Monyet ekor panjang  merupakan salah  satu  jenis primata  yang umum ditemui di Indonesia. persebarannya  mencakup seluruh Asia Tenggara  mulai dari  Myanmar , Thailand, Filipina sampai keseluruh wilayah Indonesia. Luasnya persebaran monyet ekor panjang  didukung  oleh kemampuan  habituasinya. Monyet ekor panjang mempunyai kemampuan habituasi yang bagus dengan habitat barunya, primata  ini akan  mencoba beradaptasi lansung dengan daya dukung habitatnya.Hal inilah yang sangat mepengaruhi  persebarannya, jika monyet ekor panjang di introduksi ke suatu tempat yang  cukup menyediakan  pohon  tempat tinggalnya  saja ,  monyet ekor panjang sudah bisa  mendominasi di daerah  tersebut karena dari segi pakan  monyet ekor panjang  termasuk hewan omnivora  yang dapat memakan apa saja .Skala Indonesia, Institut Pertanian Bogor  temasuk ke dalam  kampus yang mempunyai lahan hijau yang cukup  luas, walaupun   lahan  hijau itu  terpisah-pisah  dalam  kampus IPB.  Terdapat banyak  jenis-jenis pohon besar  yang dapat menopang kebutuhan pakan dan tempat tinggal dari monyet ekor panjang. Ada dua tempat yang dihuni oleh primata  ini, yaitu di Arboretum bambu dan  hutan  belakang Mesjid Alhuriyah  tepatnya di belakang perumahan dosen .

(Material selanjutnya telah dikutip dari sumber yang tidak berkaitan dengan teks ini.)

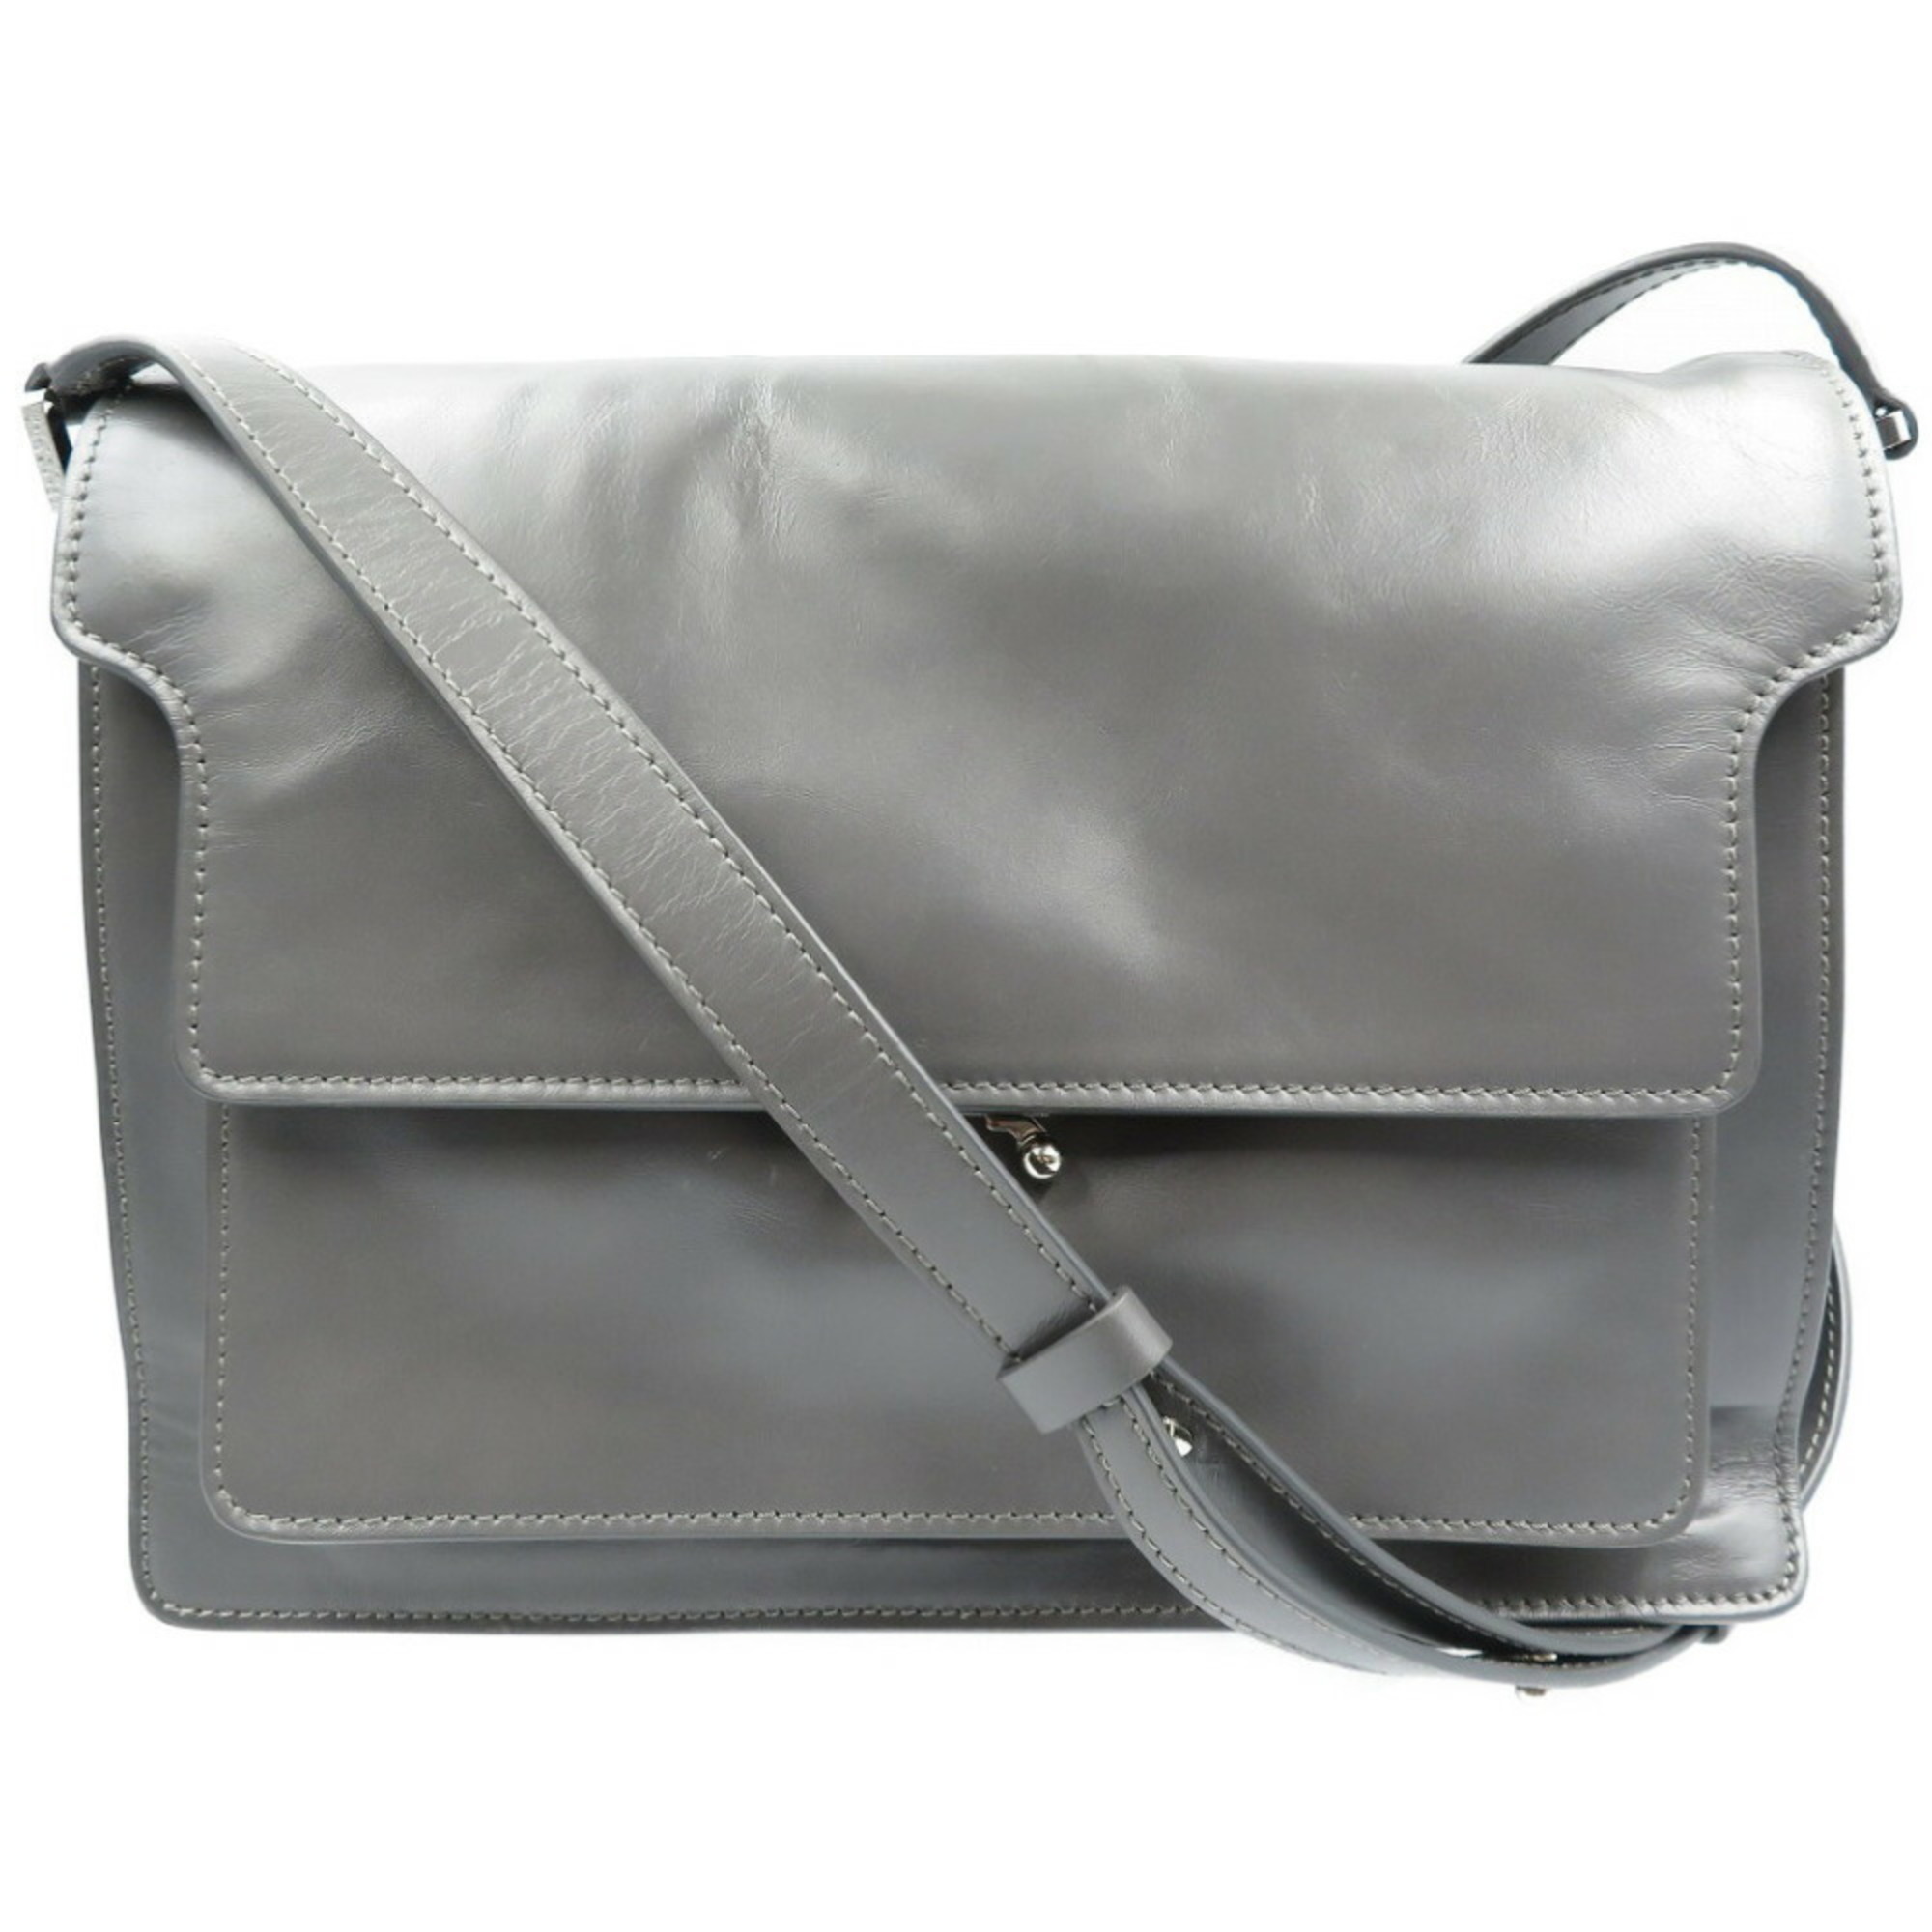 Marni leather gray shoulder bag 0164MARNI 5I0164SI5

Monyet ekor panjang di hutan belakang perumahan dosen

Komposisi  vegetasi arboretum  bambu  terdiri dari  tegakan karet,rambutan, belimbing , sawit, koleksi bambo,dan banyak jenis tumbuhan lainnya. Ada sungai kecil  jernih yang berasal dari mata air di dalam arboretum. Sungai kecil ini membentang membelah arboretum. Sesuai dengan  pentingnya air untuk kehidupan , sungai bisa dijadikan  indikator keberadaan satwa di suatu tempat. Sekelompok monyet ekor panjang menghuni arboretum  bamboo ini, ada sekitar 6-7 individu  yang mendiami daerah ini. Sumber  pakannya berasal dari pohon-pohon yang  ada di arboretum  ini,. Biasanya  monyet ekor panjang ini memakan  biji karet, buah sawit , rambutan dan  pucuk daun yang ada di arboretum. Tidak  jarang  monyet ekor panjang di arboretum  bamboo ini yang mencari makan dari sampah  sisa makan yang di tinggalkan oleh pengunjung. Ini  membuktikan  monyet ekor panjang  mempunyai kemampuan adaptasi yang bagus dengan lingkungannya. Jam  aktif dari monyet ekor panjang  ini adalah  saat mencari makan,  kira-kira pukul  08.00 s/d 10.00  dan  pukul 15.00 s/d 17.00 . namun waktu aktif ini juga di pengaruhi cuaca, jika hujan  monyet ekor panjang ini cendeung sedikit melakukan pergerakan dibandingkan cuaca cerah.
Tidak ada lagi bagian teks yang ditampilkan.